VASYL MAKHNO

Vasyl Makhno was born in Chortkiv, Ternopil oblast, in 1964. He is a poet, essayist, and translator. He is the author of eleven collections of poetry. His most recent collection, A Paper Bridge, appeared in 2017. He has also published two book of essays: The Gertrude Stein Memorial Cultural and Recreation Park (2006) and Horn of Plenty (2011), and two plays: Coney Island (2006) and Bitch/Beach Generation (2007). Makhno translated Zbigniew Herbert’s and Janusz Szuber’s poetry from Polish into Ukrainian, and edited an anthology of young Ukrainian poets from the 1990s. His poems and essays have been translated into twenty-five languages. His poems and essays appeared in English in Absinthe, Agni, Consequences, Post Road, Poetry International, and others. Two poetry collections, Thread and Other New York Poems (2009) and Winter Letters (2011), were published in English translation. He is the 2013 recipient of Serbia’s Povele Morave Prize in Poetry and BBC Book of the Year Award 2015. Makhno lives in New York City.

From the Translator

Uilleam Blacker, University College London

Vasyl Makhno was born in Chortkiv, western Ukraine, in 1964. He left Ukraine in the late 1990s, and, after a short time teaching and writing in Poland, ended up in New York, where he still lives. His early work drew on the rich seams of Ukrainian modernism, in particular on the ecstatic and eclectic genius of the interwar poet Bohdan-Ihor Antonych. His trajectory westwards was accompanied by a move away from modernist forms towards a simpler, more outward-looking sensibility. The poet’s eye turned to the strange, new landscapes around him. In New York, he caught the tail end of the activities of the New York Group of post-war Ukrainian émigré poets. His poetry contains fond nods in their direction, but as an immigrant of a different wave, he is more enchanted by New York than his predecessors, and more attuned to its paradoxical mix of local specificity and global reach. Makhno is today surely one of that city’s most dedicated poetic chroniclers, flitting between Chinatown markets and Brooklyn bars – watching, listening and recording.

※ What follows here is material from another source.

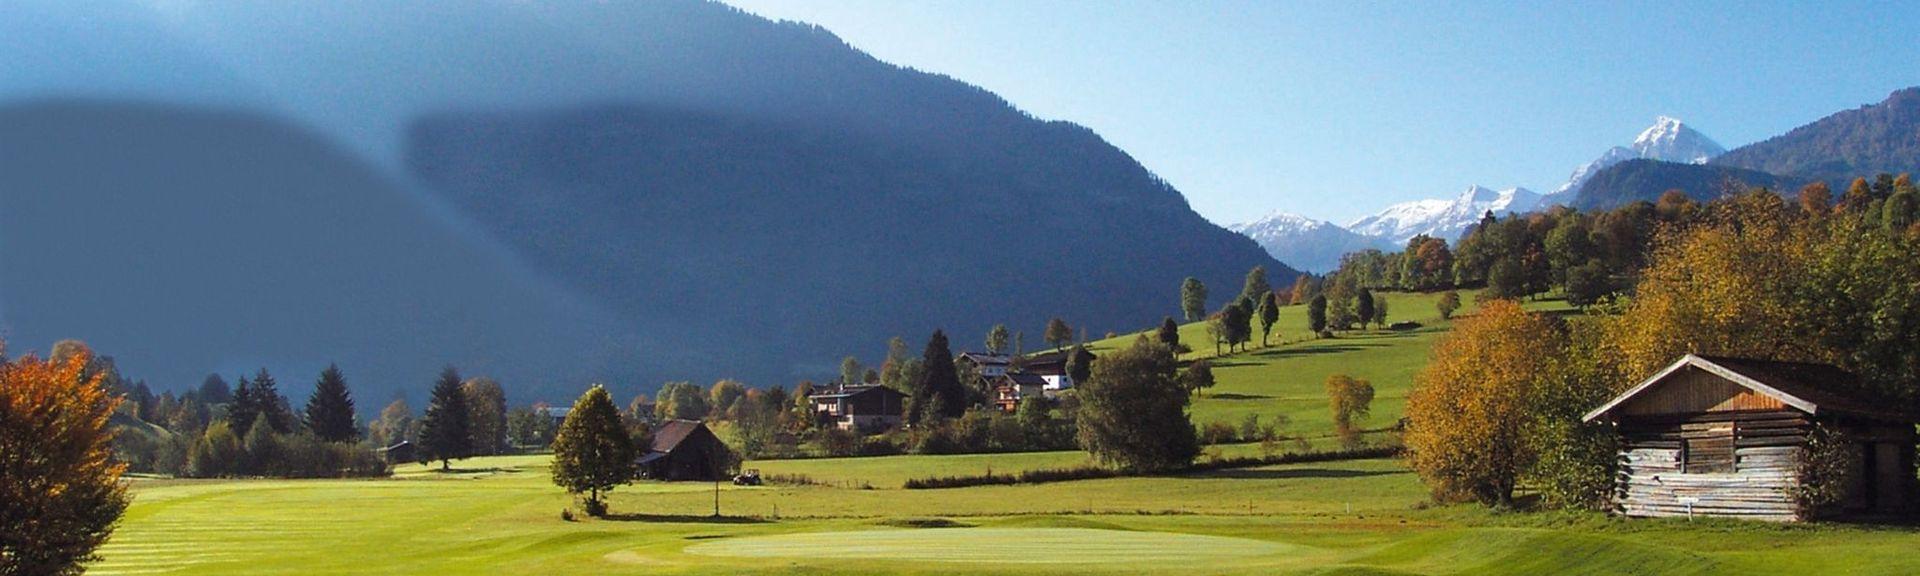 Pico Grossvenediger, Neukirchen am Grossvenediger, Salsburgo, Austria

The four poems published here represent a wrenching return eastwards for Makhno. As he spells out in ‘War Generation’: ‘you may live in New York but you are always/a soldier of your unit – your country – its troubles’. Even a drifter cannot help but be drawn homeward when his home is under threat. And as ‘February Elegy’ proves, even the most modern of Ukrainian poets reaches for the rallying might of Taras Shevchenko, the great national poet, in moments of crisis. The poems are urgent, direct, and violent, in a manner uncharacteristic for Makhno. But perhaps the most effective is ‘On Apollinaire’, where the poet glances back at his earlier, modernist repertoire of dense imagery and symbolism, yet without losing sight of the gravity of the subject: the exhaustion and devastation of an unexpected war.